Sunday, 16 June 2019

THEATRE REVIEW: Pomona - ALRA North Theatre, Wigan.


“Pomona” by Alistair McDowall is a taut, twisty contemporary thriller that is entirely unpredictable from start to finish. This revival was performed this evening by students of ALRA North, at their own theatre in Wigan.

With the theatre set in the round, director Chris Hallam made full use of the circular narrative and circular space to have the actors engaging in fraught circles of energy around each other. The stage was bare, save for the occasional couple of chairs, and enhanced only with Tom Sutcliffe’s austere lighting design and Dan Thomson’s pulsating, throbbing, electronic soundscapes. Designer Samantha Ackerley had a cracked ice image across the floor, and kept the cast in muted, utilitarian clothing regardless of their location and circumstance – though there was a cheeky seagull costume at one point for relief.

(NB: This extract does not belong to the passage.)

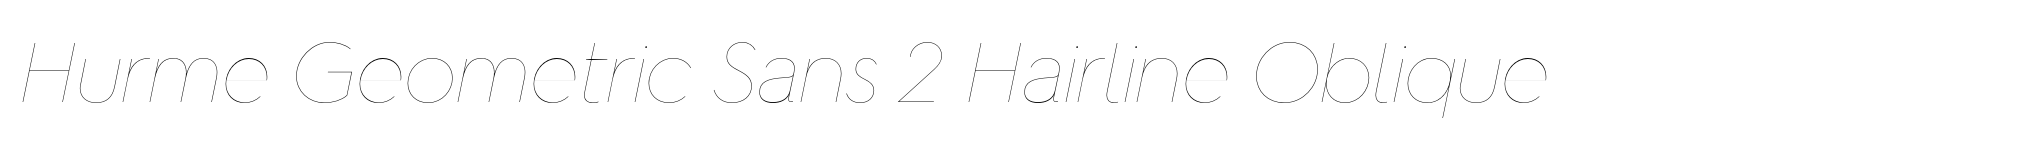 Hurme Geometric Sans 2 Hairline Oblique image

Ollie, played with intelligent intensity by Victoria Burrows, was a mysterious figure travelling all through the play on a quest: sometimes it seemed to be looking for a twin sister who had inexplicably vanished, and sometimes it appeared that she was that twin sister. Her journey led her to be taken on for work at a particular brothel, where she was shown the ropes by a jaded colleague, Gail (performed with sensitive earthiness by Taylor Arnold.) From there, she was sent on to a particular freeway, to be picked up by a particular truck driver called Zeppo (Ian Kay), who exploded with contrasting exuberance and cheerfulness as he took her towards the island of Pomona: a forgotten bit of land surrounded by two canals, but containing a very dark secret.

In parallel, two security guards called Charlie and Moe were whiling away their time. Charlie, as played by Jacob Butler, was compact and nervous and inclined to long descriptions of how he wanted to jizz on everything in the city. (Ian Kay’s lively seagull matched him with a stated ambition to crap on everything in the city.) Moe, performed with steadfast solidness by Joe Rowberry, had the unenviable job of keeping him in line. Sometimes they were visited by the unspecified authority figure of Fay, played with ice-cold ruthlessness by Jess Woodward, and at times the excellent and very realistic fight direction of Kenan Ali was utilised.

In his spare time, Charlie set up a 'Dungeons and Dragons' club using his own games based on H. P. Lovecraft’s horror fantasy world of Cthulhu Mythos stories. (It’s to my shame that I actually got all the references in this part…… ) After four weeks, his club got its first participant, the almost monosyllabic Keaton (Maddie Troup was exceptionally good in what she did with this character). For extra atmosphere, Charlie had a fondness for wearing a ridiculous rubber Cthulhu mask, making him look a bit like a mutant octopus, and bringing a touch of comedy to the narrative.

As the various strands of the different narratives came together, Hallam’s direction was sure and controlled: bringing together a swirling mix of spinning Rubik’s Cubes, rolling Dungeons and Dragons dice, and franticly urgent characters, with the rubber Cthulhu mask taking on more significance as the truly Lovecraftian nature of the conclusion was revealed.

ALRA North is committed to working with the best in contemporary dramatic writing from both Britain and overseas, and this evening’s production was a particularly gripping example.